La gente del fondo ya empezaba a juntarse. Smithback se dio cuenta de que aún no había cumplido su misión.

—¡Abran paso! —vociferó.

Hizo otro disparo mientras caminaba, para añadir dramatismo.

Más gritos. Casi milagrosamente apareció otro camino.

—Pero tío, ¿estás loco? —exclamó alguien—. ¿De qué vas disparando así?

Smithback echó a correr; Pendergast lo seguía tan deprisa como podía. Los policías intentaron perseguirlos, pero la multitud ya se había cerrado a sus espaldas. Smithback oyó las palabrotas de los policías que intentaban apartar a la gente.

Un minuto después ya estaban en la boca del metro. Pendergast tomó la delantera y bajó por la escalera, deprisa pero sin sobresaltos, protegiendo el pequeño recipiente en una exhibición de pericia. Al llegar a la otra punta del andén vacío se metieron por un recodo que llevaba a la entrada subterránea del museo. A medio camino Smithback vio a dos personas: D’Agosta y Hayward.

—¿Por dónde entramos? —preguntó al llegar.

—Entre estas rayas —dijo Hayward, señalando dos líneas marcadas con pintalabios en las baldosas.

Pendergast se arrodilló y dejó el matraz con mucho cuidado al pie de la pared, entre las rayas. Después se levantó y se giró hacia el pequeño grupo.

—Tengan la amabilidad de colocarse al otro lado de la esquina. Mi arma, señor Smithback.

Justo cuando le daba la pistola al agente, Smithback oyó pasos por la escalera de la estación.

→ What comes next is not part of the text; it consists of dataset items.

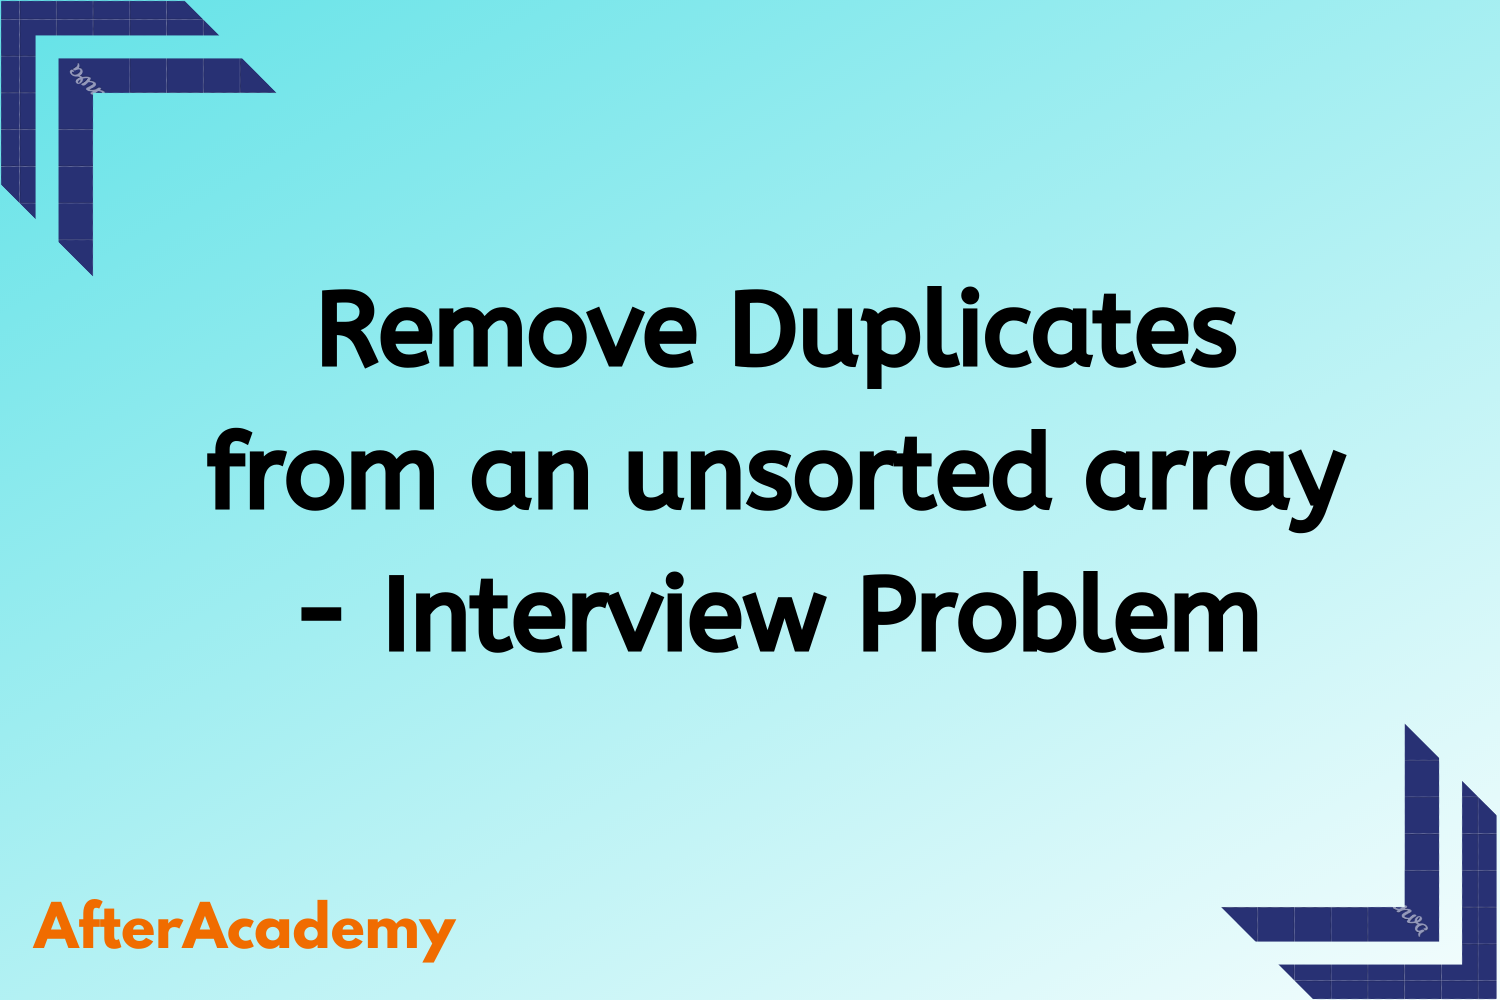 Remove Duplicates from an unsorted arrray
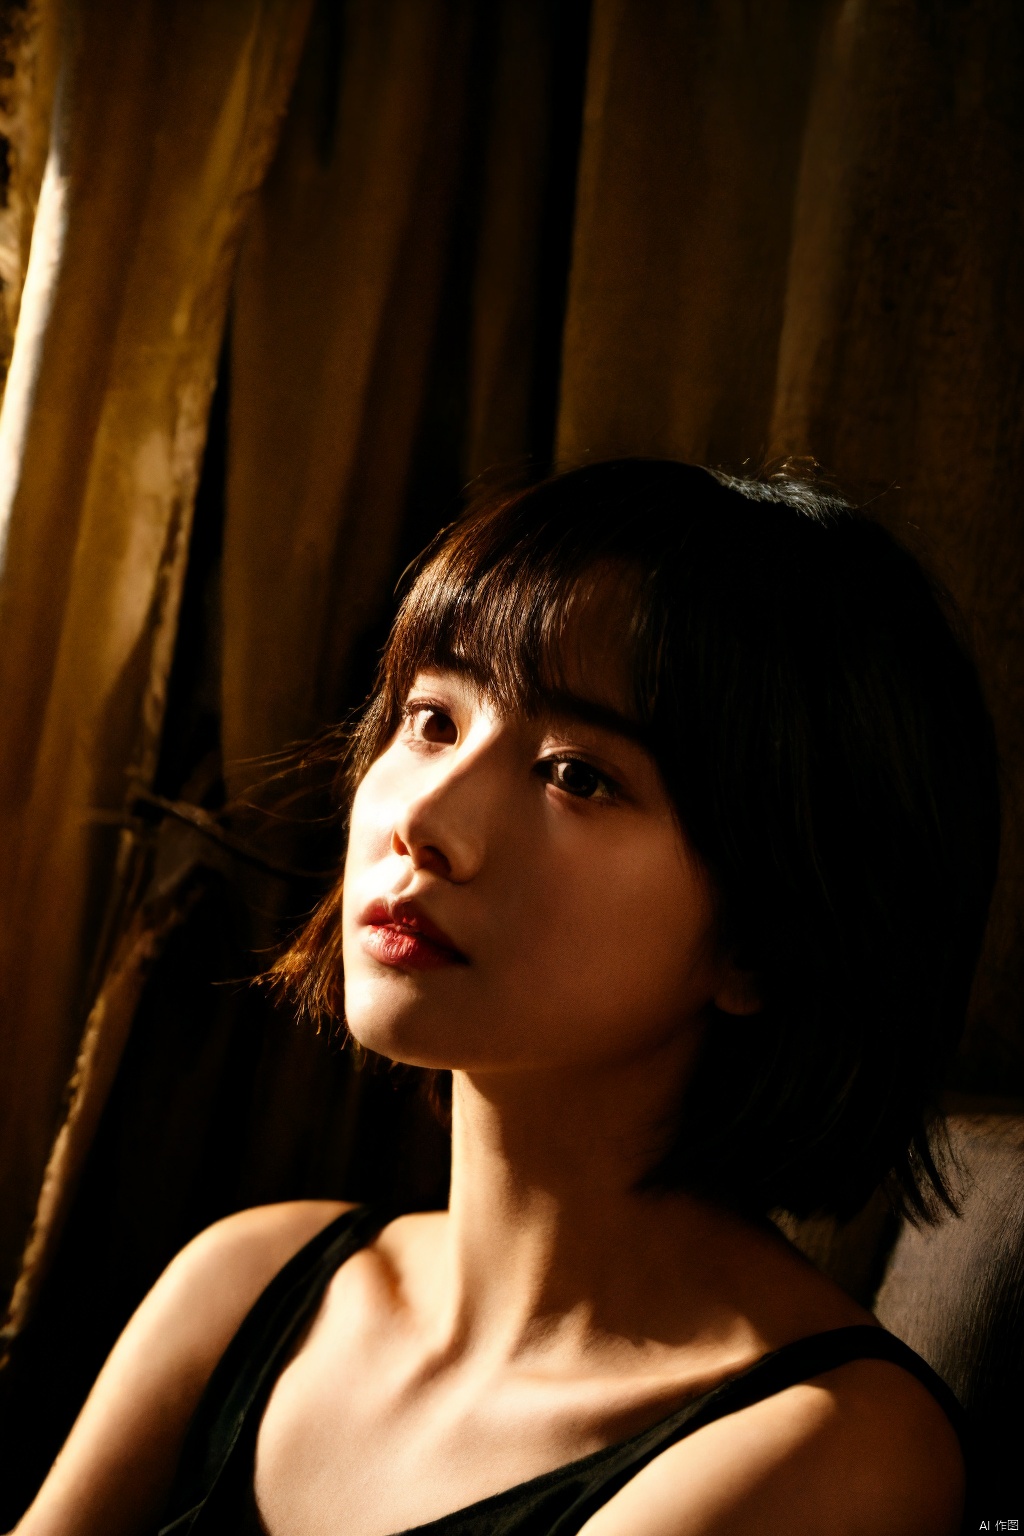  1 girl, looking at the audience alone, Flecks, shadows, short hair, Bangs, brown hair, black hair, bare shoulders, upper body, parted lips, lips, portraits, nose
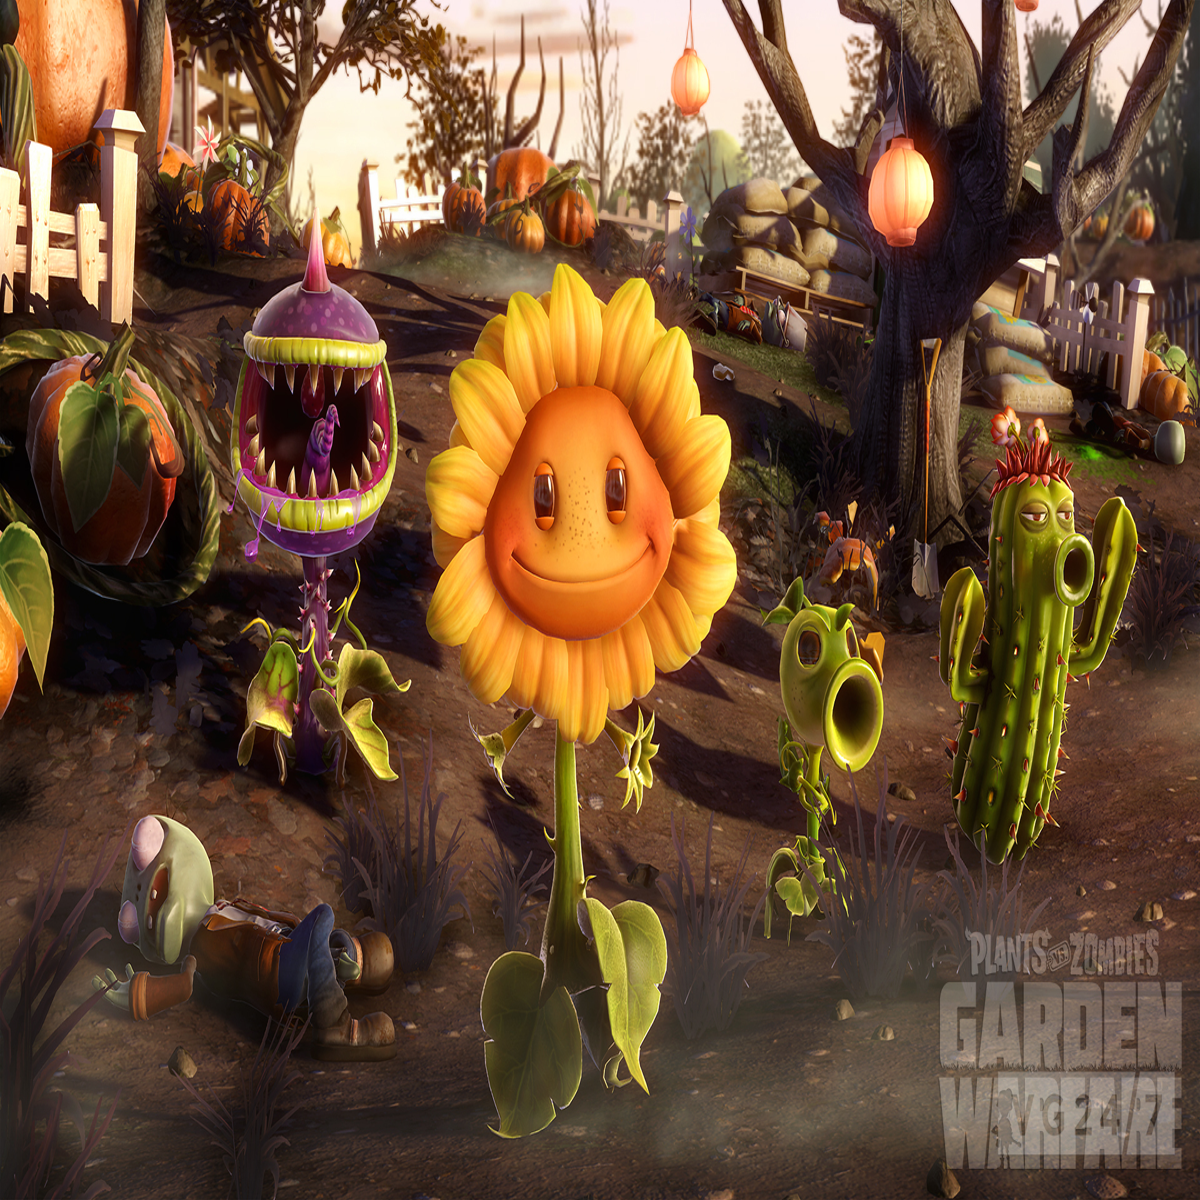 Plants vs. Zombies 2: It's About Time - Gamereactor UK

Siguiendo a Pendergast, volvió al andén, donde se acurrucaron contra una pared.

—¡Policía! —exclamó una voz en la otra punta de la estación—. ¡Las armas al suelo! ¡No se muevan!

—¡Quédense donde están! —dijo Hayward a pleno pulmón, blandiendo su placa—. ¡Operación policial en marcha!

—¡Identifíquese!

—¡Capitana Laura Hayward, de Homicidios!

Parecían perplejos.

Viendo que Pendergast apuntaba con su arma, Smithback se encogió aún más contra la pared.

—¡Agáchese, capitana! —gritó uno de los policías.

—¡Pónganse a cubierto ahora mismo! —fue la respuesta de Hayward.

—¿Preparados? —preguntó Pendergast sin levantar la voz—. A la de tres. Uno…

—Repito, capitana: ¡agáchese!

—Dos…

—¡Yo también repito, idiotas! ¡A cubierto!

—Tres…

Una enorme explosión siguió inmediatamente al disparo, haciendo temblar el suelo. La onda expansiva golpeó a Smithback en medio del pecho, tirándolo al suelo de cemento. En un abrir y cerrar de ojos toda la estación se llenó de polvo de cemento. Smithback se quedó boca arriba, atontado y sin poder respirar. Le llovieron encima trocitos de cemento.

—¡Coño!

Era la voz de D’Agosta, aún estaba todo tan oscuro que no se lo veía.

Smithback oyó vagamente gritos confusos en la otra punta de la estación. Al incorporarse, a pesar del polvo en la garganta y un zumbido en los oídos, sintió el peso tranquilizador de una mano en el hombro, y a continuación la voz de Pendergast en el oído.

—¿Señor Smithback? Ahora entraremos y necesitaré su ayuda. Detenga el espectáculo. Arranque cables, eche al suelo pantallas, rompa bombillas… Lo que quiera, pero detenga el espectáculo. Es lo primero que debemos hacer, incluso antes de ayudar a la gente. ¿Me ha entendido?

—¡Pedid refuerzos! —se atragantó una voz en la otra punta del andén.

—¿Me ha entendido? —insistió Pendergast.

Smithback tosió y asintió con la cabeza. El agente lo ayudó a levantarse.

—¡Ahora! —susurró.

Corrieron hacia el otro lado de la esquina, seguidos muy de cerca por D’Agosta y Hayward. El polvo había bajado lo suficiente para que pudiera verse un boquete en la pared, del que salían nubes de niebla brillantemente iluminadas por un incesante parpadeo de luces estroboscópicas.

Smithback se preparó, aguantando la respiración, y penetró en el agujero.